Personality, Identity, and Pathology

Figuring out how to write this has been incredibly difficult for me. I felt like I was on the cusp of a breakthrough but sorting through how to talk about this requires sifting through mountains of traumatic experiences and mistakes I have made. 

See, I’m someone who is active in neurodivergent activist communities but I have severe trauma related to the diagnosis of borderline personality disorder. As in the concept of it is a trigger for me. I get sent into a panic when the idea of its diagnosis gets brought up. If someone even insinuated I have it I would have a meltdown. I obsessed over it to the point of it damaging my relationships as well as my own functioning. Every time I would see someone talk about the symptoms I would find myself picking it apart trying to understand how I could have been diagnosed with it. Because it doesn’t fit. 

In all honesty this still happens I’m just better at ignoring and challenging it. Frankly it’s incredibly exhausting and annoying. But also my response to this trigger has caused some serious splash damage against people who do feel like the term fits their experience. I tried to juggle addressing the stigma against borderline while also crying out about the harm it did to me. There’s a lot of valid criticism about its history, its framing of symptoms, and how it is regarded within the psych system. I still believe that the diagnosis is used to discredit and abuse people and I still believe that pathologizing people’s personalities is harmful. But I have had trouble talking about this without hurting someone who has been helped by the term “borderline”.
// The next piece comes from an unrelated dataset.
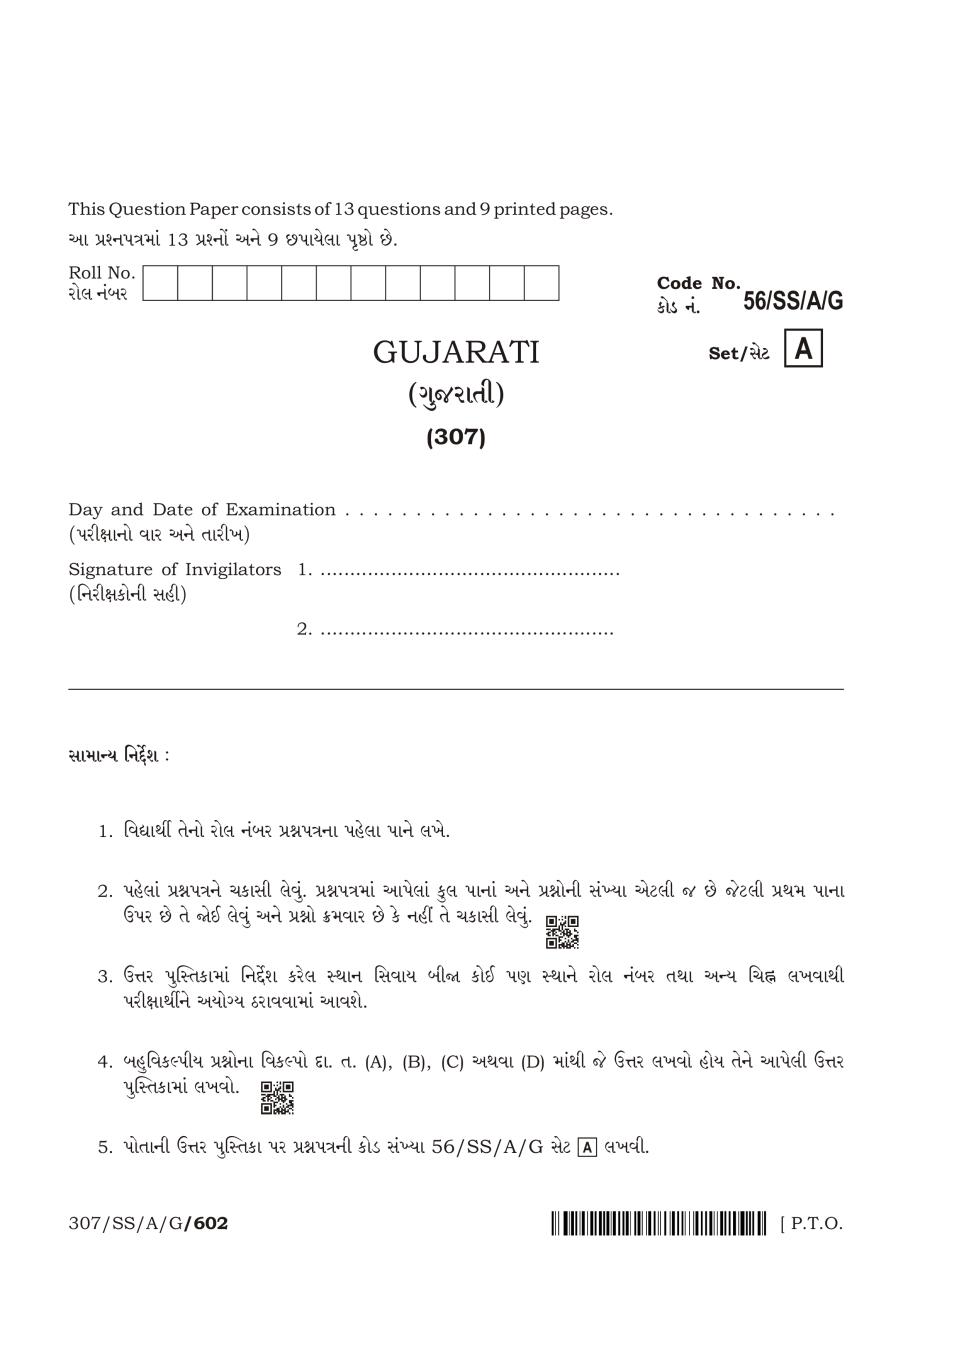 NIOS Class 12 Question Paper Apr 2018 - Gujarati - Page 1

How do we create a cohesive movement and community that deconstructs the harm caused by pathologization without invalidating people? One reason that terminology is so important to me is that I know how much it can help people understand and talk about what they are going through. It helps people not feel alone and giving people language for experiences is invaluable. I myself strongly associate with PTSD, ADHD, and bipolar. I also recently opened up about being on the autistic spectrum. Yet I have been tearing apart a label that others use for the same reasons I use my own labels. 

The main problem is that we are using medicalized terminology created from a corrupt and grossly privileged group of people. When it comes to trauma and stress disorders their bias becomes obscenely clear. These disorders ended up being gendered and racialized and separated into arbitrary categories of symptoms based off of stereotypes instead of science.  What is considered a symptom itself is also arbitrary and up to individual, biased, practitioners. And honestly when they label something as a disorder of personality I don’t see how we could possibly separate the term from it’s attached stigma and I support. I believe we should advocate to stop calling borderline a personality disorder. Regardless, it’s not for anyone to decide for anyone else if a term makes sense for them. 

I have never been opposed to people claiming labels and identities for themselves, but I haven’t always been clear about who my critiques are directed towards. It has ALWAYS been the DSM and the field of psychiatry. At times I have refuted that BPD is even a real concept. While it was meant as a stance of skepticism of the legitimacy of the DSM and a challenge of the authority of the American Psychiatric Association, these statements absent of proper context have perpetuated stigma. It came from a place of hurt and fear, but it was still harmful.

People use these terms because it’s the language that we have, even if it has a complicated history and a lot of stigma attached to it. One way I am learning to reframe it to make peace with myself is by thinking of it as a personality adaptation to trauma (thank you to Emily Titon for giving me this perspective). It feels less stigmatizing and it’s easier for me to understand that it’s not an insult to someone’s character. It eases my panic response to it. 

Our community/movement needs to center defending each other from stigma and neurobigotry and we can’t do that if we are throwing each other under the bus. I shouldn’t talk over other people in their attempt to find words for their experiences. The goal of abolition for me is to take down hierarchies and to fight for and protect everyone’s right to self-determination and agency. That requires validating one another and respecting the language people choose to use for themselves.